> _Task details_:
Using the data below, restate exactly every line from the one with "music platform logos, all" up to and including the one with "الطابعة السحابية وتقنية". No picture belongs in it.

> _Exercise materials_:
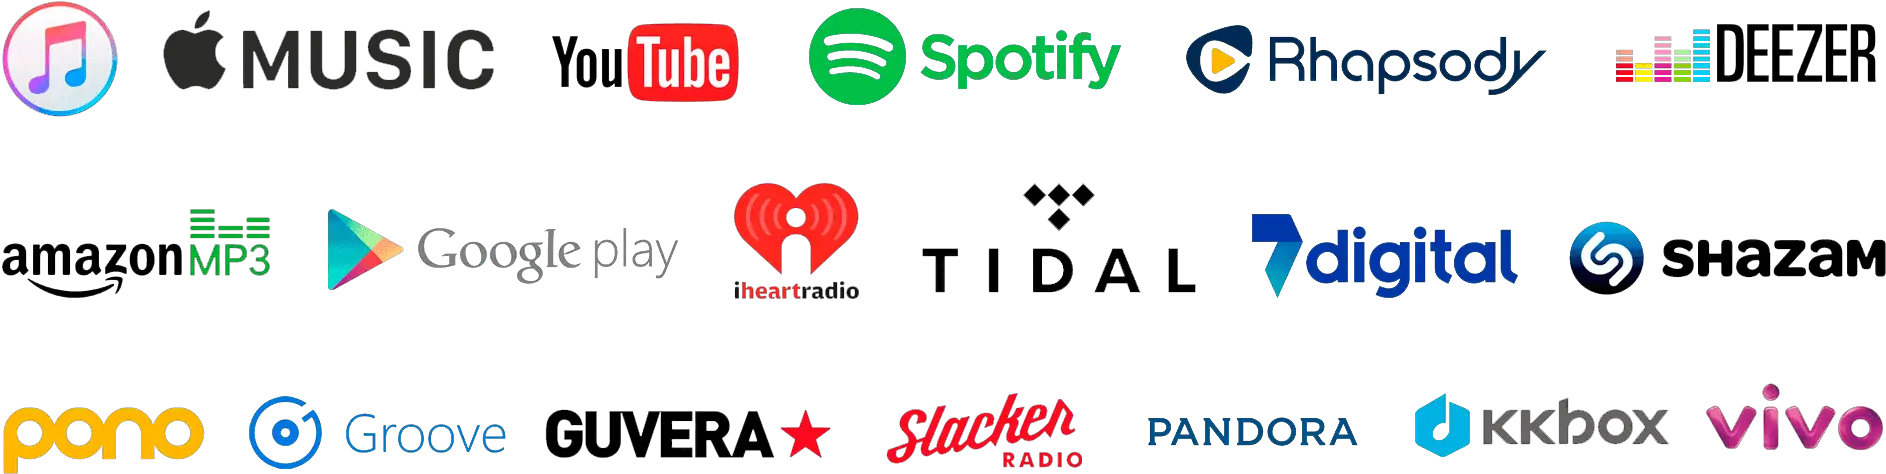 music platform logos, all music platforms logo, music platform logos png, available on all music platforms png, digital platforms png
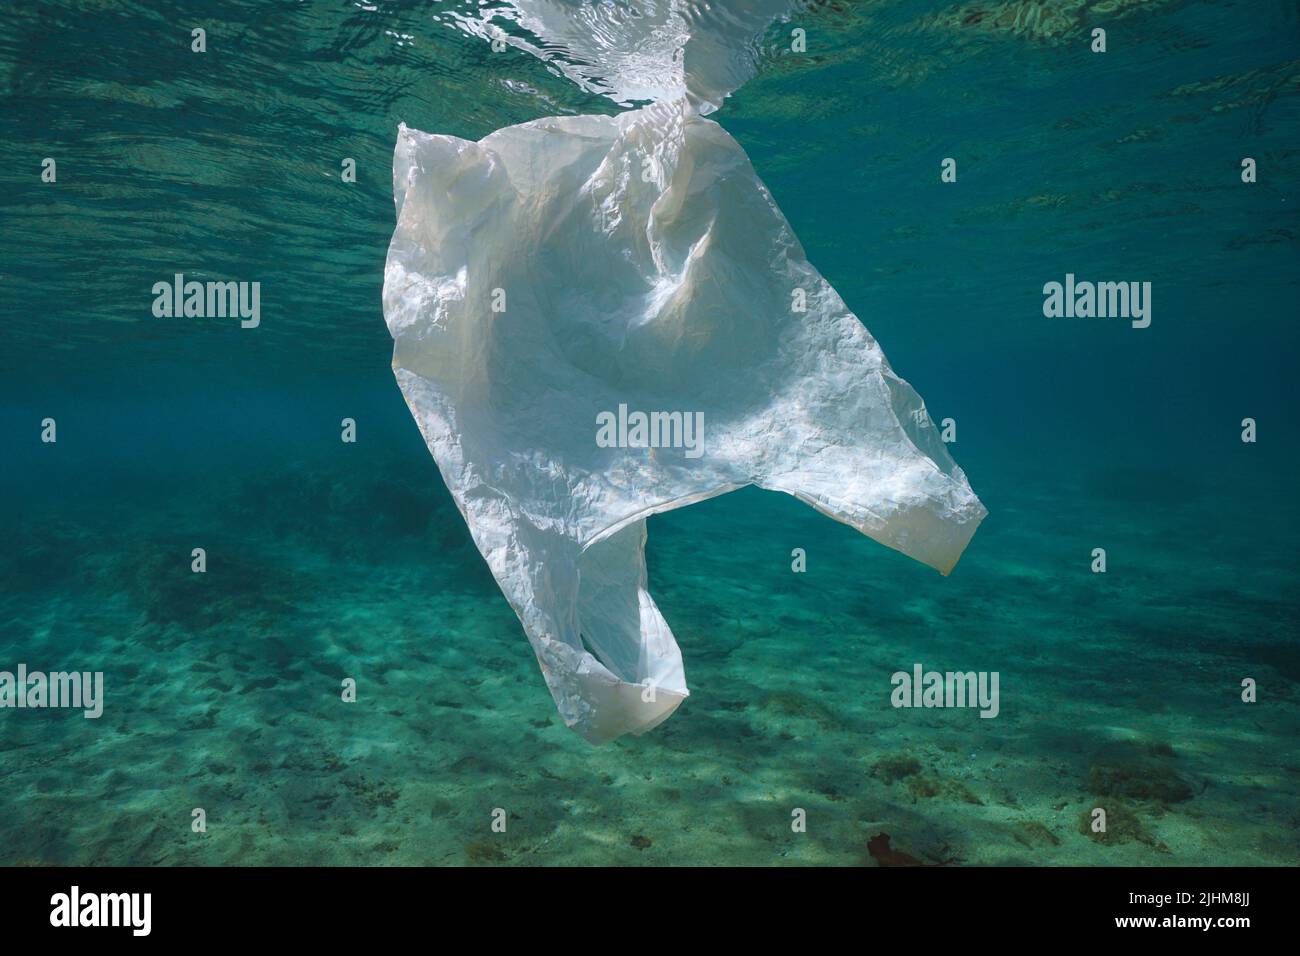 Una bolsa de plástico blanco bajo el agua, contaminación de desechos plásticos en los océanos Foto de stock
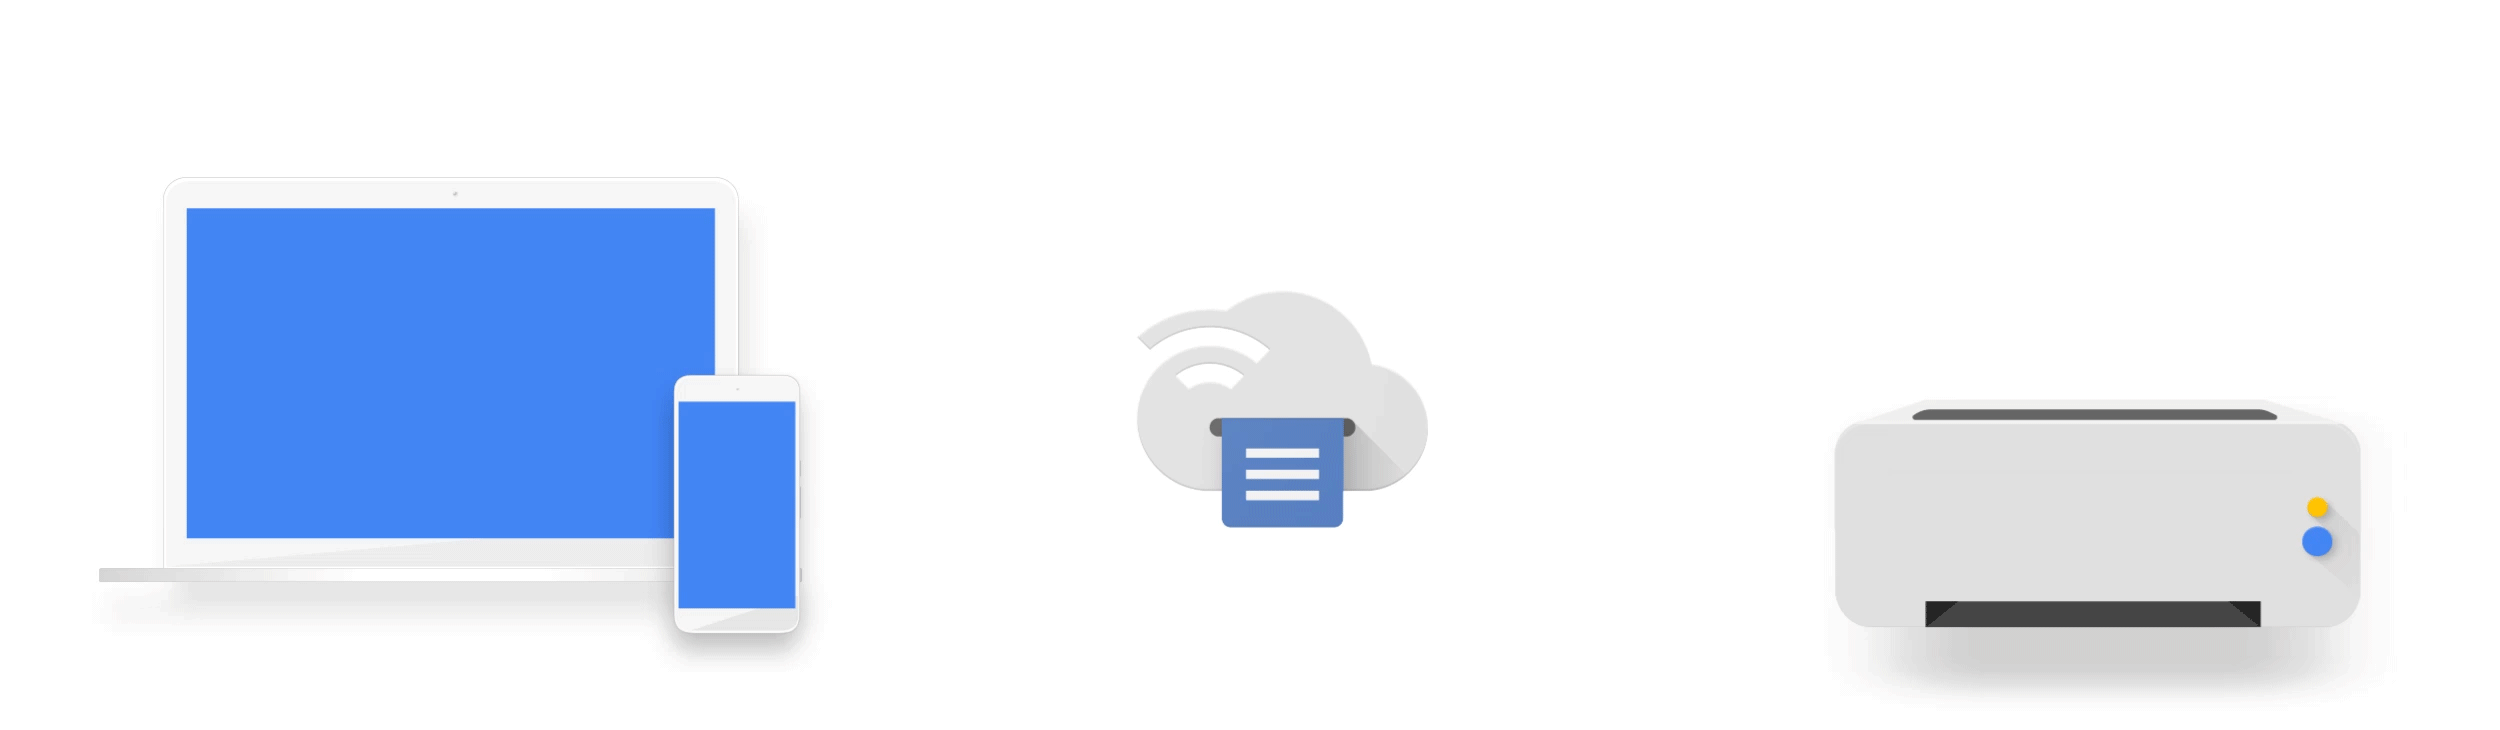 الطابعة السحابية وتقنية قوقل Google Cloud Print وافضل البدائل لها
---
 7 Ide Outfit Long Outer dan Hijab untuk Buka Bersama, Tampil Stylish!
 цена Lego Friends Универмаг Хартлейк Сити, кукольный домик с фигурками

> _Result_:
 music platform logos, all music platforms logo, music platform logos png, available on all music platforms png, digital platforms png
 Una bolsa de plástico blanco bajo el agua, contaminación de desechos plásticos en los océanos Foto de stock
 الطابعة السحابية وتقنية قوقل Google Cloud Print وافضل البدائل لها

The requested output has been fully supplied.